Hacked To Pieces. Suicide Squad, A Film By David Ayer (And Trailer Park).

I finally caught David Ayer’s Suicide Squad earlier today. I say “David Ayer’s Suicide Squad”, but legend has it that the film was cut, in part at least, by the editors at Trailer Park, a company that produce trailers and marketing material for Hollywood movies.

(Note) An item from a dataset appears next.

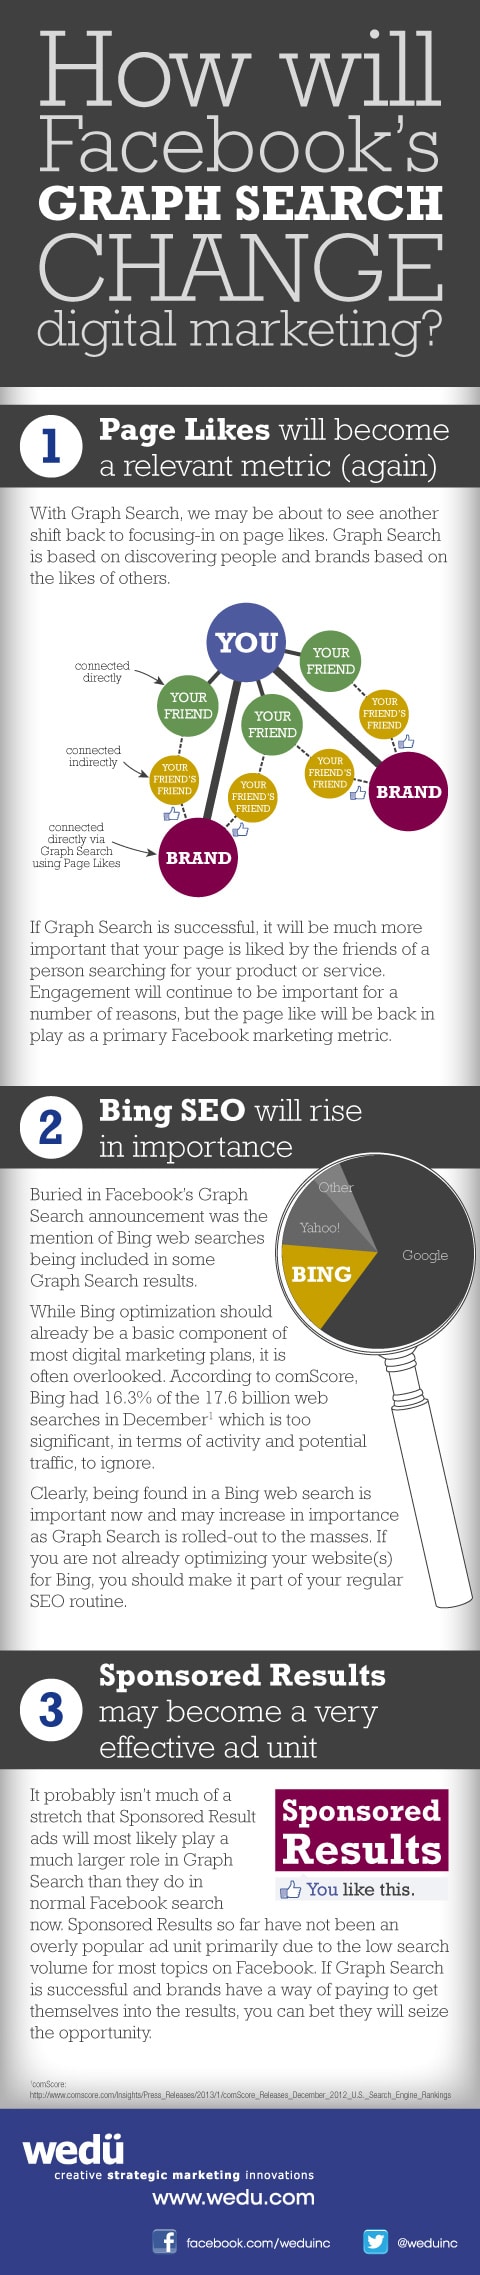 Why Graph Search Will Change Online Marketing [Infographic]

While there isn’t much to add to what has already been said in the film’s near universal panning I will say this: I kind of enjoyed it. The first thirty-five minutes, while by no means perfect, are almost enjoyable (if not quite problematic in all manner of ways). When the guns take over though, it’s a different story altogether. Descending in to the kind of ammo porn ordinarily associated with the likes of Michael Bay, the picture soon falls apart, with all semblance of structure and cinematographic beauty torn apart by one of the most obstructive cutting jobs in recent blockbuster history. While one might be wasting their breath when crying “compromised vision” when said “vision” comes from a director as wholly uninteresting as David Ayer it’s nonetheless disheartening to see a work built by committee in such an obviously cynical and heavy-handed way.

Like the stereotypical trajectory along which the characters themselves are pushed there might be something good in Suicide Squad, it just needs dragging out of the mess in which it currently resides.